> HOW TO COMPLETE THIS TASK
Write out the listing below character for character, though without its pictures.

> DATA
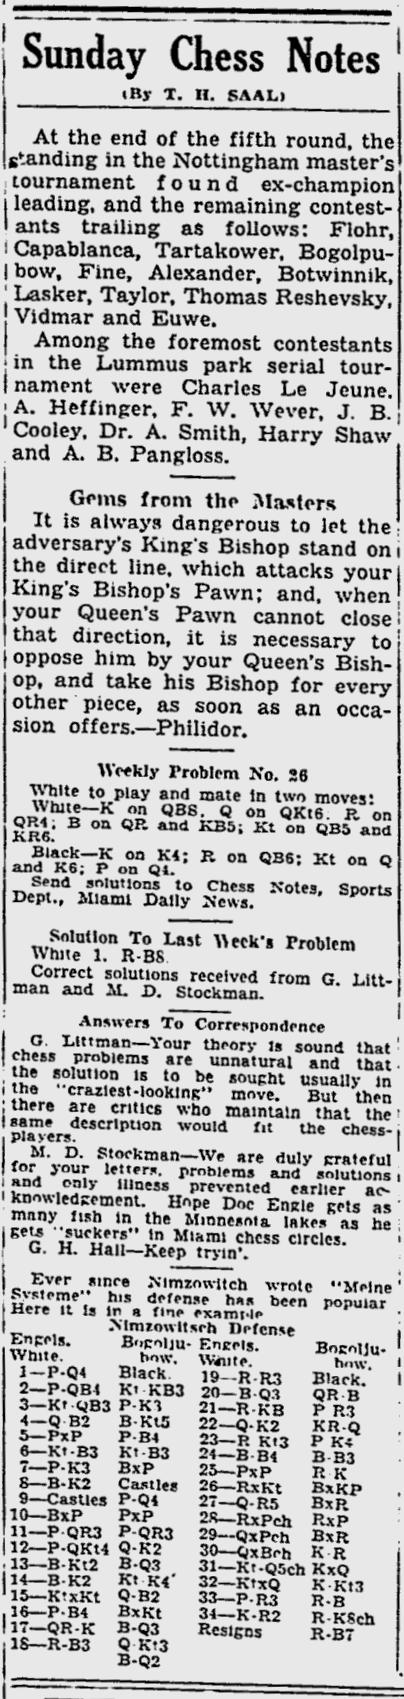 1936.08.23-01 Miami Daily News.jpg
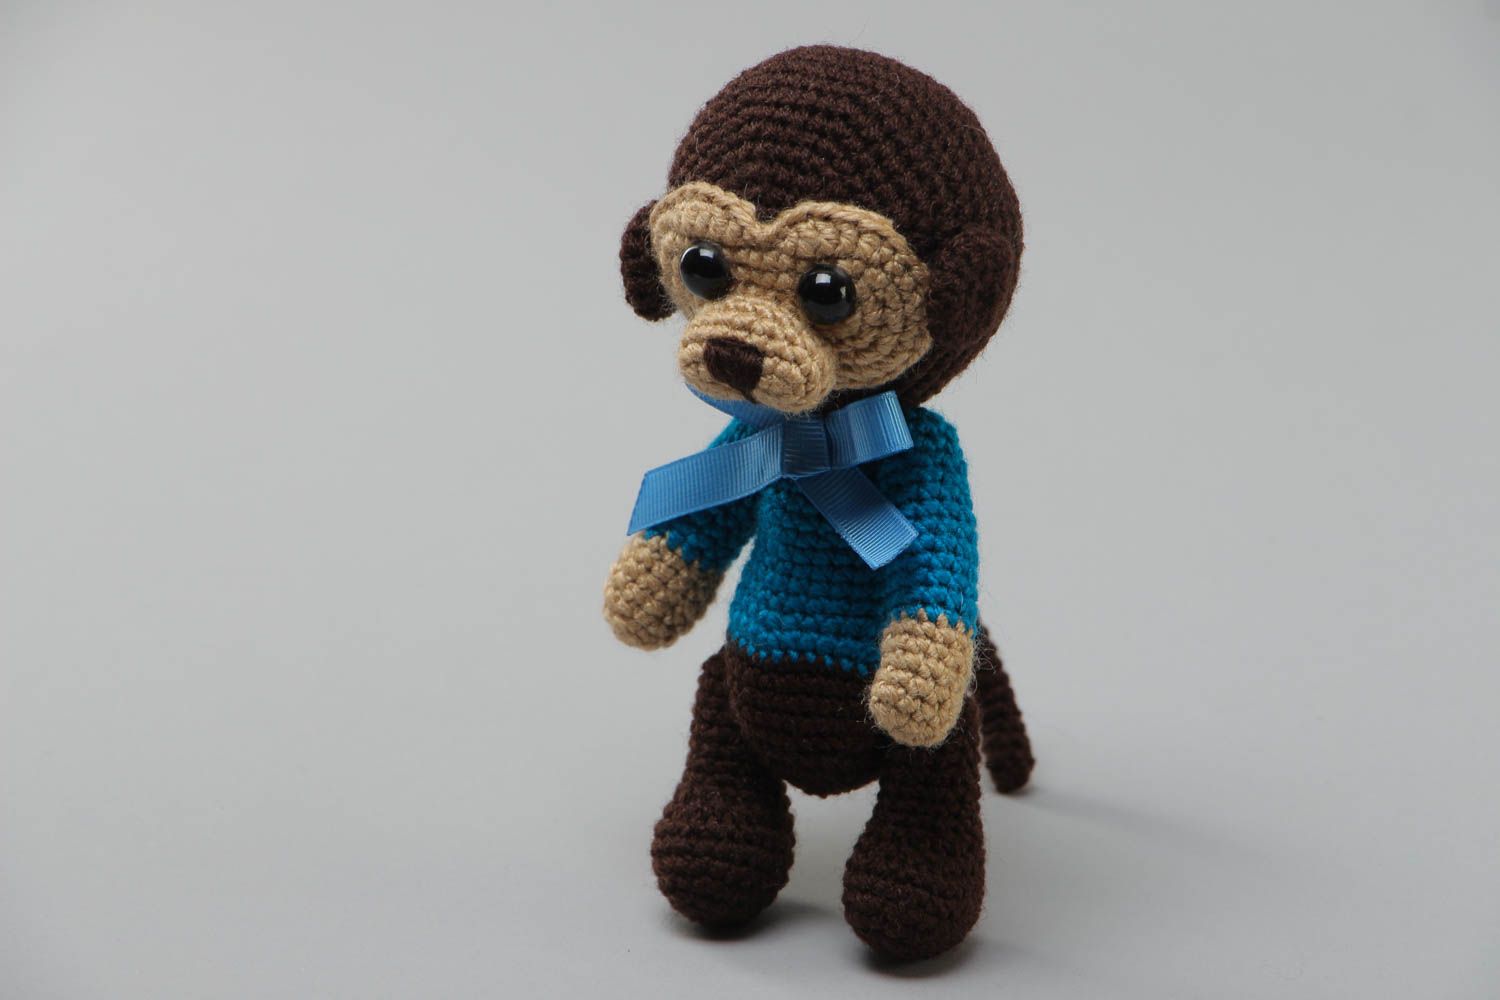 Мягкая вязаная игрушка в виде обезьянки в голубом свитере маленькая хэнд мейд фото 2
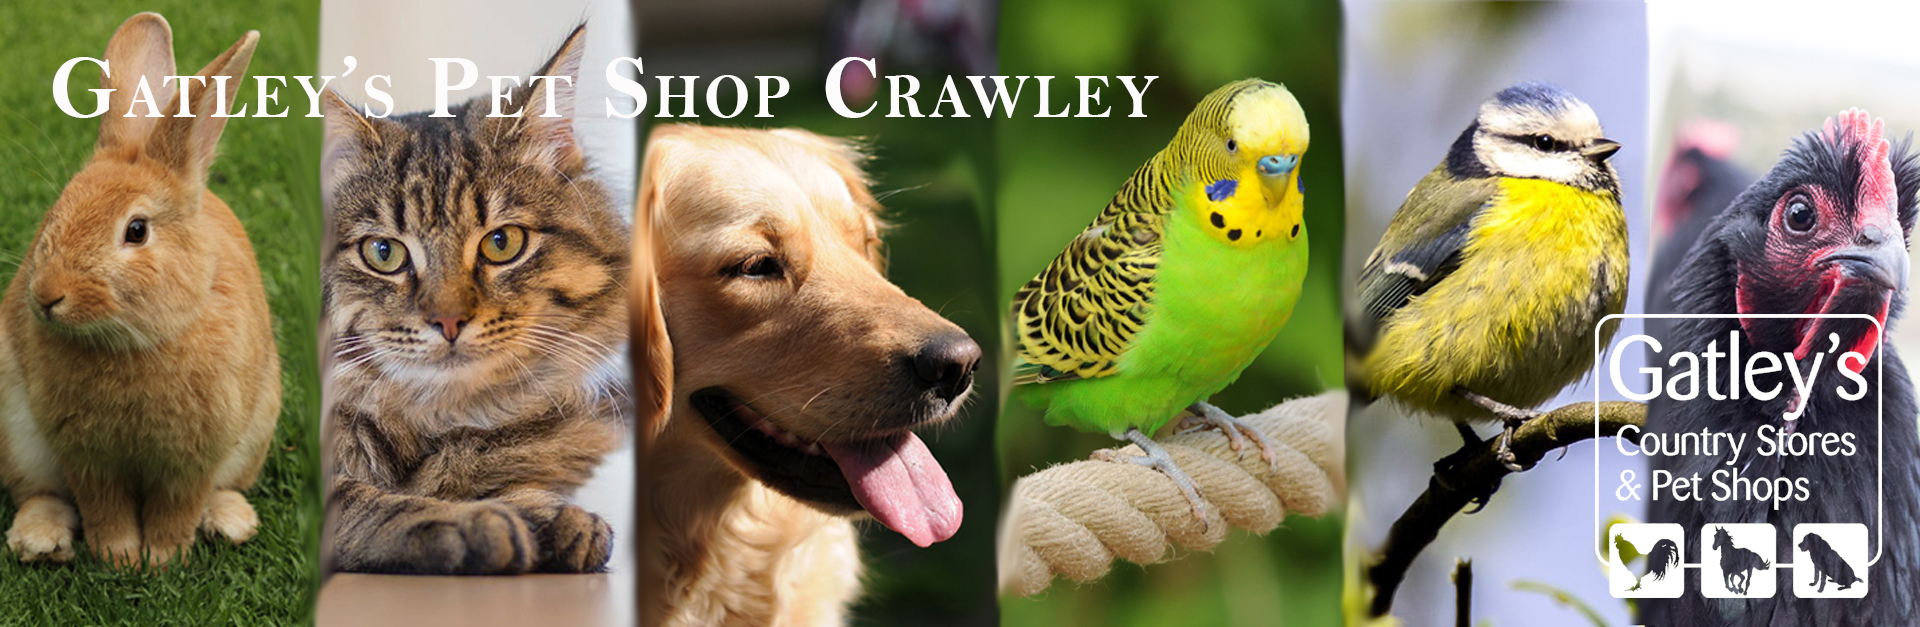 Gatley's pet shop Crawley

> EXERCISE ANSWER
 1936.08.23-01 Miami Daily News.jpg
 Мягкая вязаная игрушка в виде обезьянки в голубом свитере маленькая хэнд мейд фото 2
 Gatley's pet shop Crawley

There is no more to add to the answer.